= Healthcare in Northumberland =

Healthcare in Northumberland was the responsibility of the Northumberland, Newcastle Gateshead, and North Tyneside clinical commissioning groups from 2013 to 2022 before being replaced by integrated care systems.

==History==
From 1947 to 1974 NHS services in Northumberland were managed by Newcastle Regional Hospital Board. In 1974 the boards were abolished and replaced by regional health authorities. Northumberland came under the Northern RHA. Regions were reorganised in 1996 and Northumberland came under the Northern and Yorkshire Regional Health Authority. Northumberland from 1974 had one district health authority. A primary care trust, the Northumberland Care Trust, was established covering the whole the county in 2002. It was managed by the North East Strategic Health Authority from 2002 until 2013.

Northumberland CCG took on the responsibilities of the former PCT on 1 April 2013. Steven Mason, chief executive of Northumberland County Council was appointed its accountable officer in January 2017, replacing the former chief clinical officer Alistair Blair, who was to lead a new accountable care organisation.

== Sustainability and transformation plan ==
Northumberland, Tyne and Wear formed a sustainability and transformation plan area in March 2016 with Stephen Eames, the Chief Executive of North Cumbria University Hospitals NHS Trust as its leader. This plan, as far as Cumbria was concerned, was abandoned in April 2017. The plan proposed to eliminate a projected 2020/21 deficit of £641 million and establish a Northumbria accountable care organisation. It planned to improve prevention services to reduce smoking and obesity. The North East commissioning support unit was to be transformed into a community interest company owned by its 11 CCG customers.
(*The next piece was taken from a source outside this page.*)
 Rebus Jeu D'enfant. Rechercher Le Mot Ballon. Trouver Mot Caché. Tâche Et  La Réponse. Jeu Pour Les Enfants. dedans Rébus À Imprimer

In April 2018 it emerged that there were proposals to merge the STP for Northumberland, Tyne and Wear with those for Cumbria and Darlington, Teesside, Hambleton, Richmondshire and Whitby; this would create the largest STP in the country with a population of 3.2 million. North Tees and Hartlepool NHS Foundation Trust chief executive Alan Foster was made lead for all three STPs in October 2017. The twelve CCGs involved set up a joint commissioning committee with delegated decision-making powers.
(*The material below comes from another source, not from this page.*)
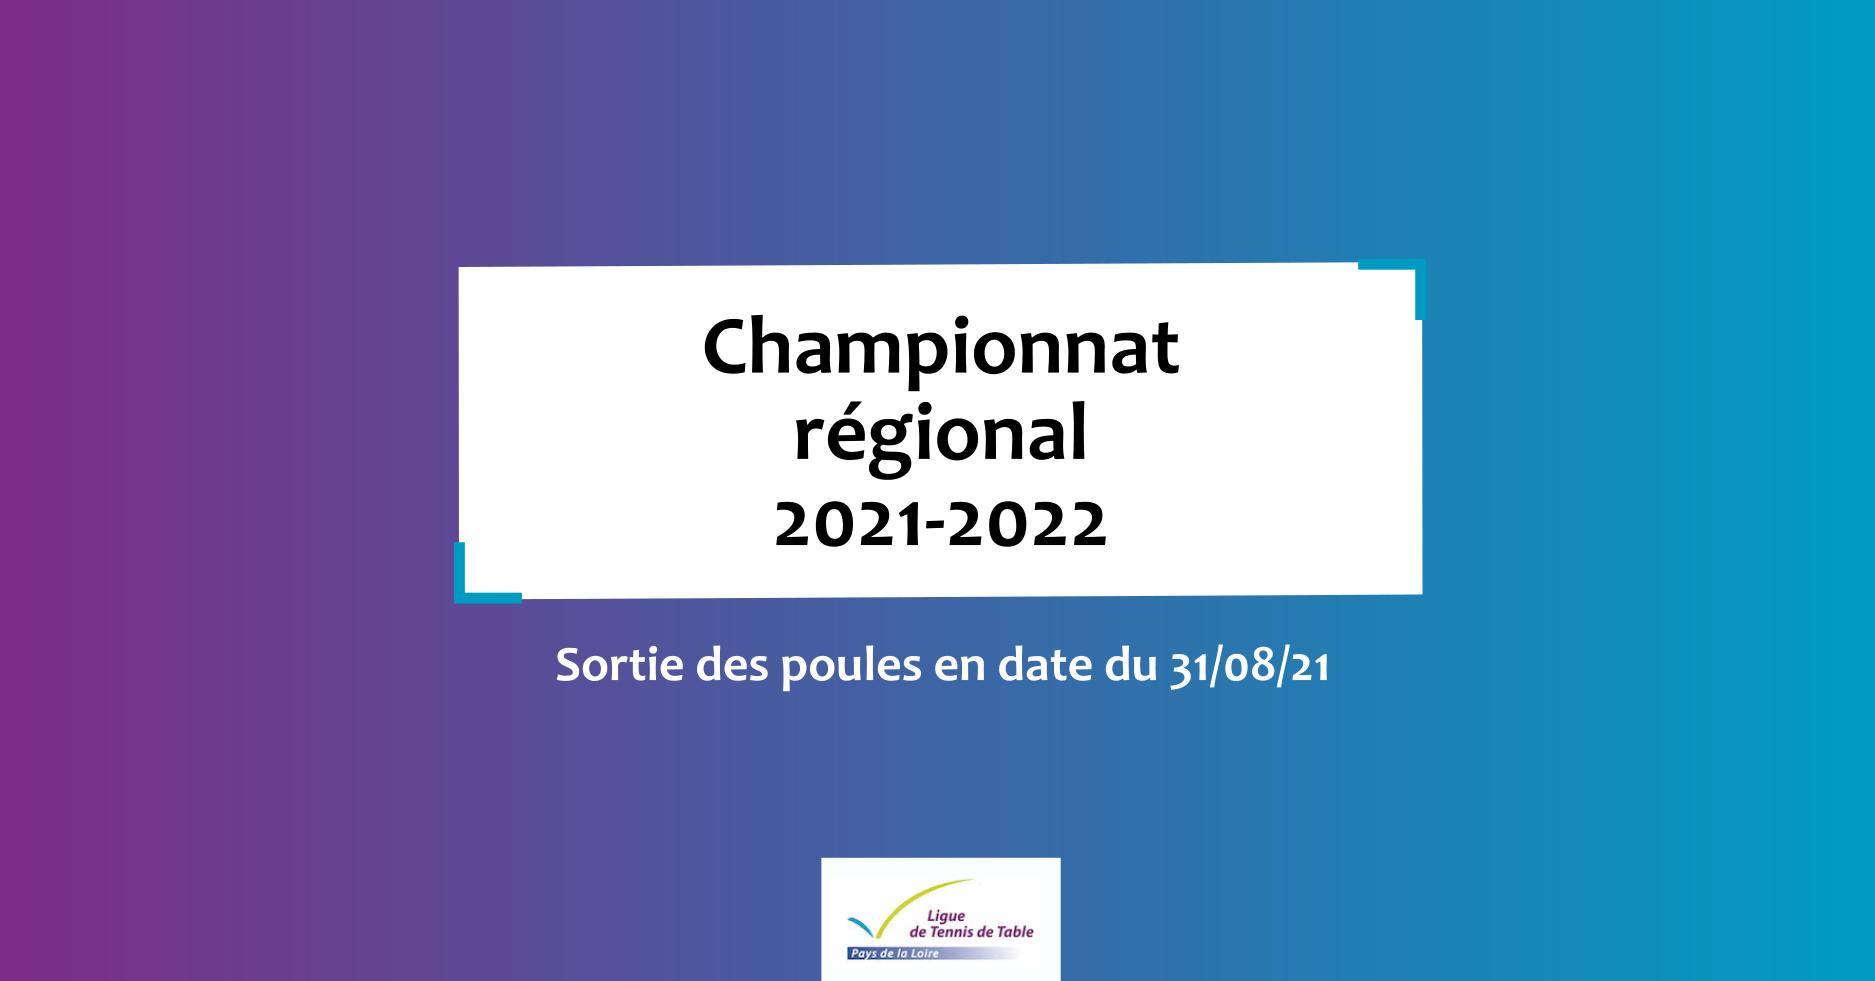 Poules championnat régional 2021-2022

Northumbria Healthcare NHS Foundation Trust and Northumberland County Council formed a partnership called the NHS Northumbria International Alliance which provides consultancy services for the development of integrated care systems. It has contracts in China and in Ireland with Vanguard Health Services International.

==Public health==

The Northumberland, Tyne and Wear Region had the highest death rate from respiratory diseases of any region in Europe in 2015 at 154 per 100,000 population.

==Commissioning==
North Tyneside Clinical Commissioning Group was rated as inadequate by NHS England and entered into a management arrangement with Newcastle Gateshead CCG in January 2017.

==Development==

Northumbria is a vanguard area for the development of integrated primary and acute care systems as proposed in the Five Year Forward View. It was given £8.3 million in 2015 as a transformation fund and planned to create a single 'accountable care organisation' for the county to become operational in 2017. This would be the first in the NHS and would take over most of the functions of the clinical commissioning group. It would also undermine the principles of the NHS internal market.

==Primary care==
There are 44 GP practices in Northumberland which have agreed to form a county-wide federation. Out-of-hours services are provided by Northern Doctors Urgent Care.
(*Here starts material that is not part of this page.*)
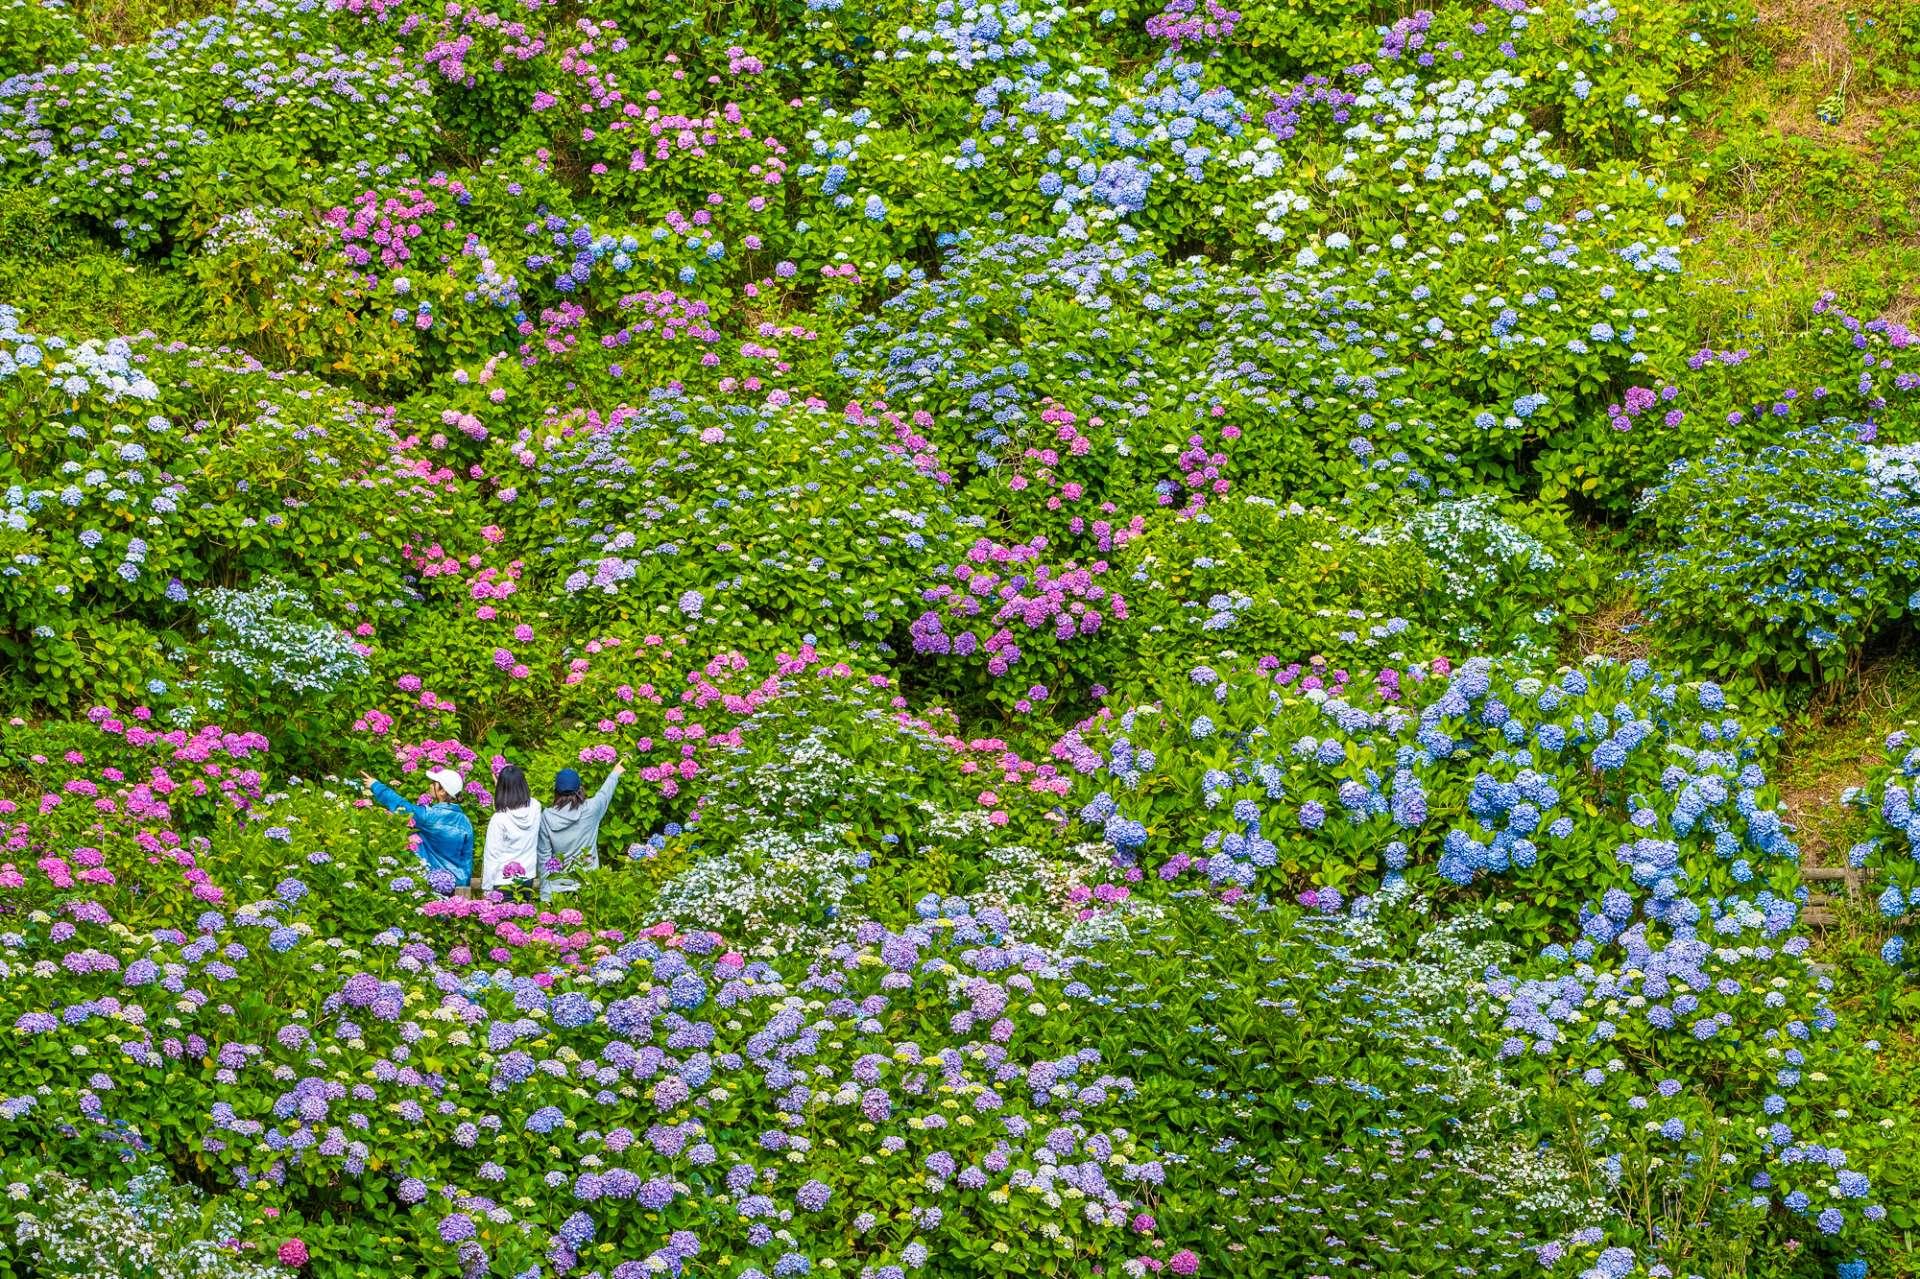 周圍360度全都是美麗的紫陽花!

North Tyneside Clinical Commissioning Group set up a 12-month pilot using LIVI in August 2020 to offer online video appointments for all of its patients. This was expected to deliver an extra 21,000 GP appointments a year. Livi GPs would have full access to patient records.

==Community care==
Palliative care is provided by HospiceCare which has two centres in Alnwick and Berwick.

In May 2017 Care North East, which represents 1,747 out of 2,806 private care homes in Northumberland refused to agree a three-year contract with Northumberland County Council. They said the current cost of providing residential care in Northumberland was £535.88 per resident, per week. The council was offering £506.43.

Northumbria Healthcare NHS Foundation Trust has had a partnership with the county council since 2011. The CCG and Northumberland County Council were co-located.

==Mental health==
Mental health services in the county are provided by Cumbria, Northumberland, Tyne and Wear NHS Foundation Trust.

==Hospital services==
Acute hospital services are provided by Northumbria Healthcare NHS Foundation Trust. It opened the first specialist emergency care hospital in the UK, at Cramlington in 2015, with emergency consultants on site 24 hours a day. The North East Ambulance Service covers the county.

Healthwatch Northumberland is an organisation set up under the Health and Social Care Act 2012 to act as a voice for patients.